While leading the reader’s eye with font sizes, widths, and colors might feel like a new superpower, don’t overdo it. Lots of different font sizes in particular can quickly look messy. For annotations and labels, try to use only two levels of hierarchy that are clearly different from each other — like a 12px gray and a 14px black. Then emphasize within the annotations using boldness.

Don’t center-align your text

Left side: Area chart with center-aligned text. Right side: Area chart with left-aligned text.

Left- or right-aligned text looks tidier than center-aligned text. That’s because all lines start (or end) at the same x-position. This allows the text box to have a clear edge that can run parallel to other chart elements.

In the center-aligned version above, there are little messy gaps left of the words “Fewer” and “park.” In the left-aligned version, the title aligns neatly with the chart.

Left side: Example for center-aligned text. The white spaces to both sides of the text are highlighted in orange.

Both center- and right-aligned annotations are also harder to read, so don’t use them for lengthy text (everything above roughly 10 words). Readers will need a split second longer to find the beginning of the next line than when reading left-aligned text.

Don’t make your readers turn their heads

Left side: Scatter plot with a 90-degree rotated axis label on the y-axis.
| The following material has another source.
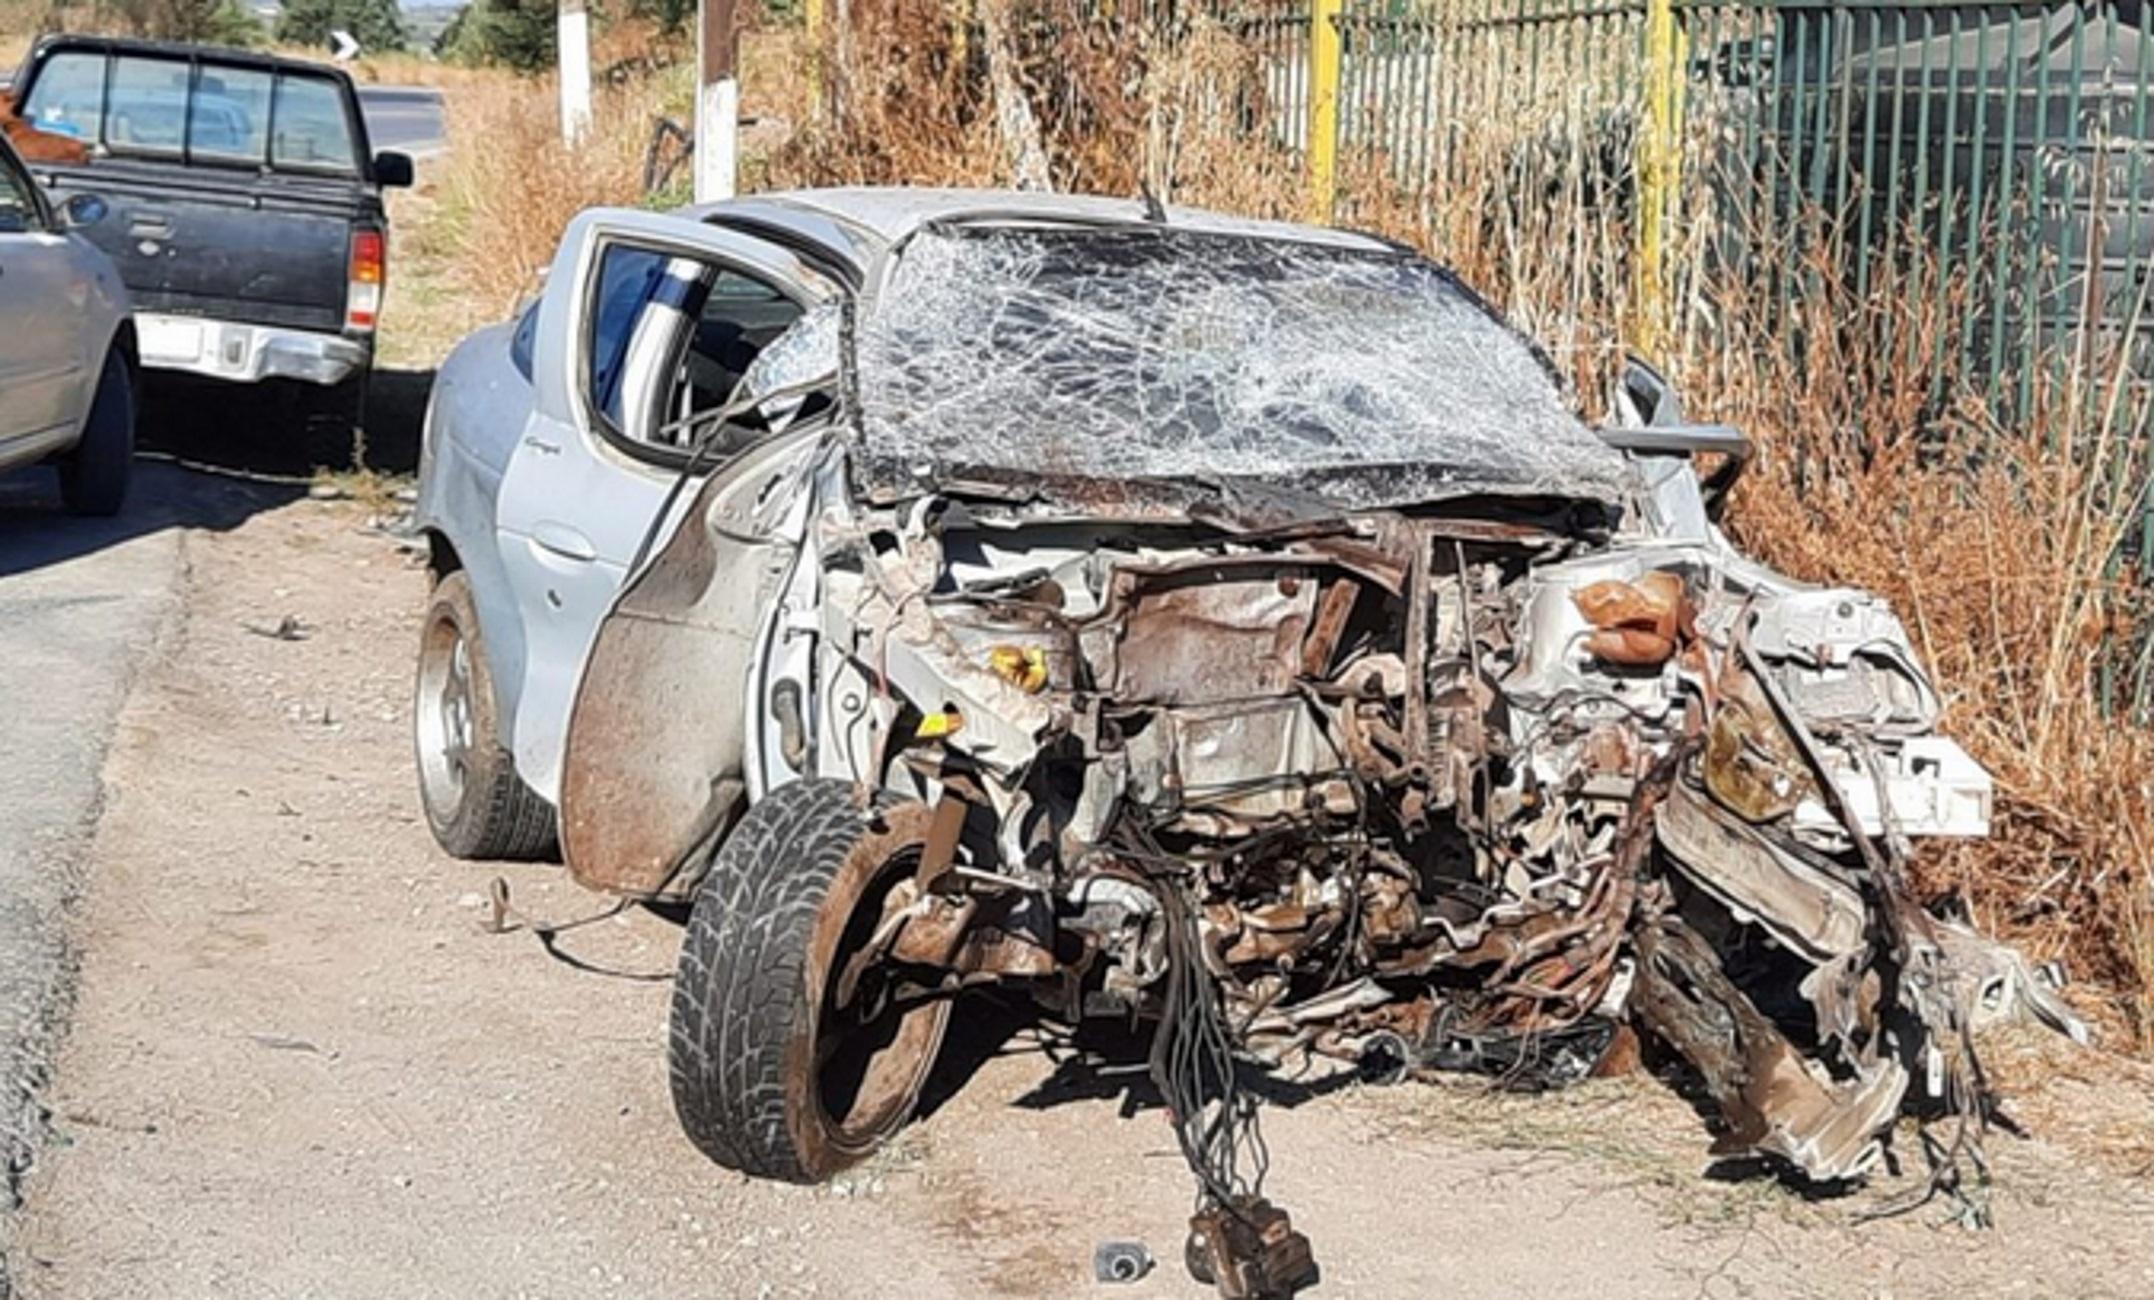 Κιλκίς: Και δεύτερος νεκρός από το τροχαίο – Υπέκυψε στα τραύματά του ο 24χρονος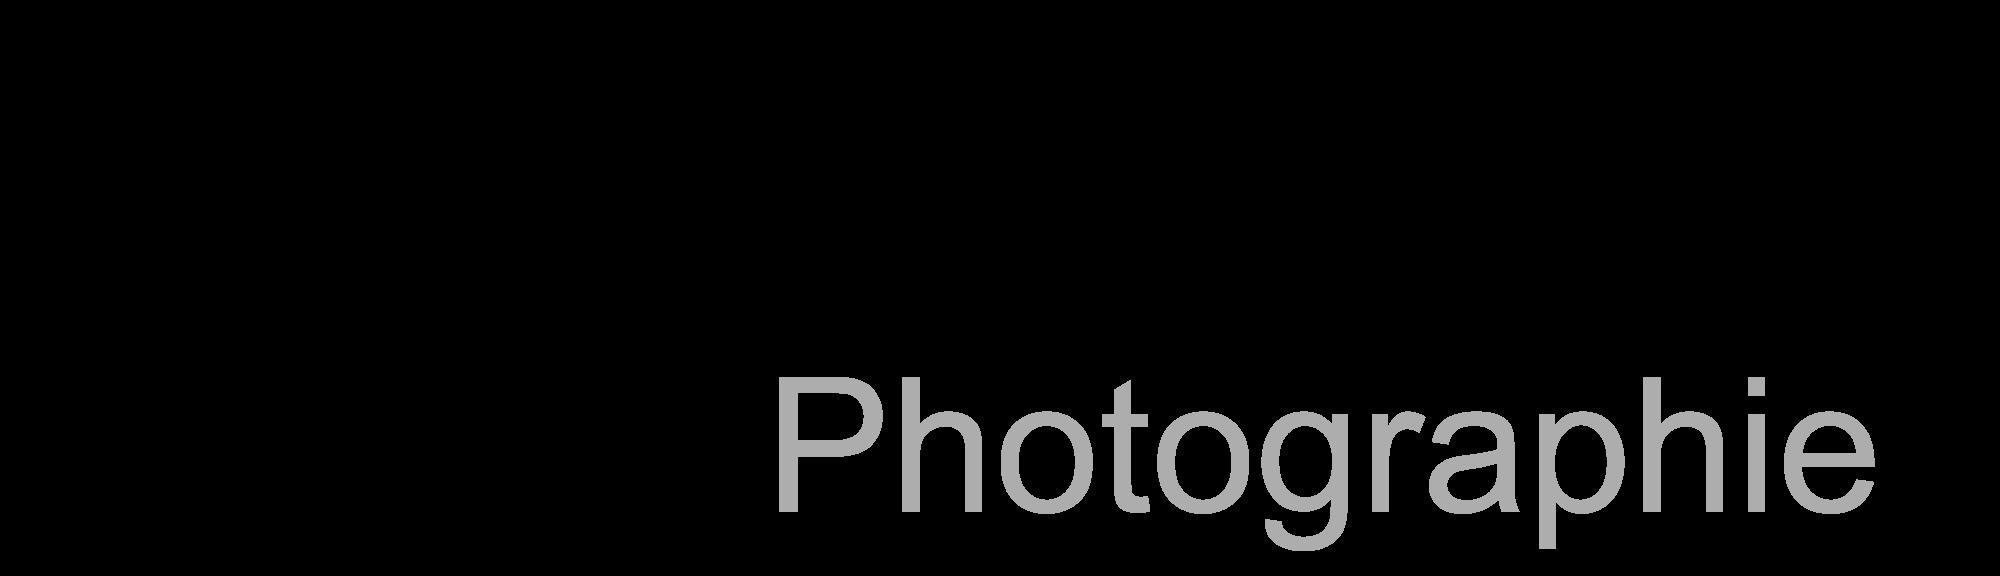 Jfbonnement Photographie

Right side: Same scatter plot, but this time the axis label of the y-axis is set to the top-right of the y-axis.

Instead of rotating axis labels, find another place inside your chart for them. In Datawrapper charts, axis labels are never rotated except in column charts with many columns and long category names.

Often, axis labels can be concisely rephrased — your data set might use more official-sounding labels than needed. Don’t use too-crazy insider acronyms, though. Make sure your chart is still readable for its entire target audience.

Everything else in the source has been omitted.